In pursuit of sustainable U.S. agriculture, the U.S. Department of Agriculture (USDA) launched the Long-Term Agroecosystem (LTAR) network. The LTAR network is composed of 18 locations distributed across the contiguous United States working together to address national and local agricultural priorities and advance the sustainable intensification of U.S. agriculture.

The LTAR network represents a range of major U.S. agroecosystems, including annual row cropping systems, grazinglands, and integrated systems representative of roughly 49 percent of cereal production, 30 percent of forage production, and 32 percent of livestock production in the United States. Furthermore, the LTAR sites span geographic and climatic gradients representing a variety of challenges and opportunities to U.S. agriculture.

The LTAR network uses experimentation and coordinated observations to develop a national roadmap for the sustainable intensification of agricultural production.
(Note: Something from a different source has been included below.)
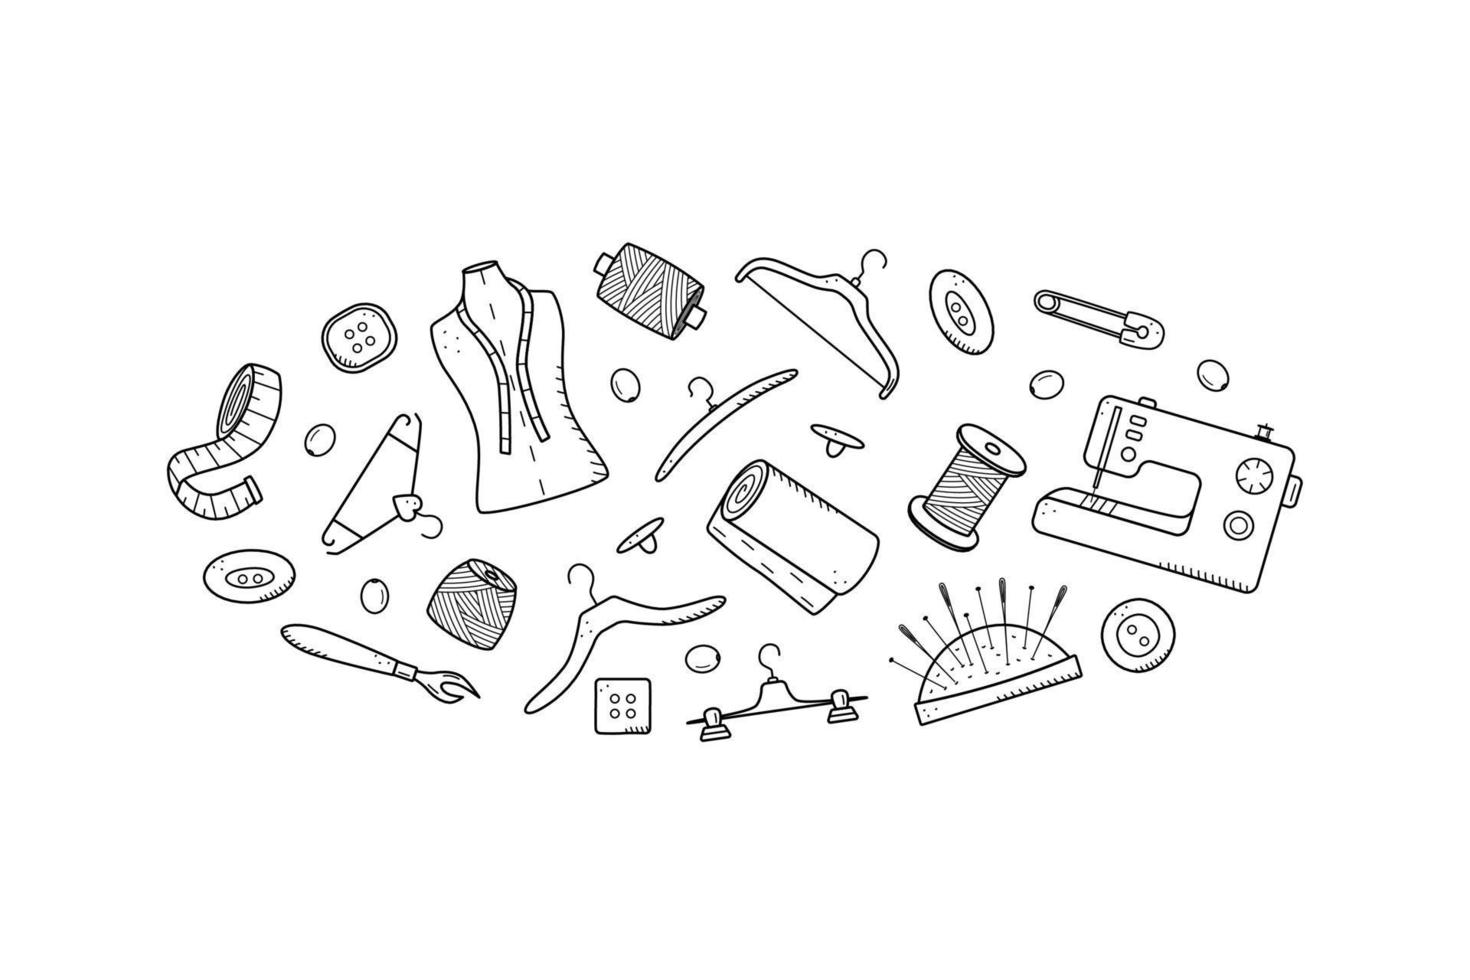 herramientas para coser y bordar. conjunto de iconos de fideos sastrería, ilustración vectorial agujas de hilo maniquí máquina de coser perchas botones vector

While the LTAR network is a new network, experimentation and measurements began at some LTAR sites more than 100 years ago, while other locations started their research as recently as 19 years ago.

A primary goal of LTAR is to develop and to share science-based findings with producers and stakeholders. Tools, technologies, and management practices resulting from LTAR network science will be applied to the sustainable intensification of U.S. agriculture. Technical innovations, including new production techniques, genetics, and sensor infrastructure applied at the farm/ranch level can increase the capacity for adaptive management, reduce time and operational costs, and increase profits and the quality of life for producers.

For full list of LTAR sites, view the sites matrix at https://ltar.ars.usda.gov/sites/.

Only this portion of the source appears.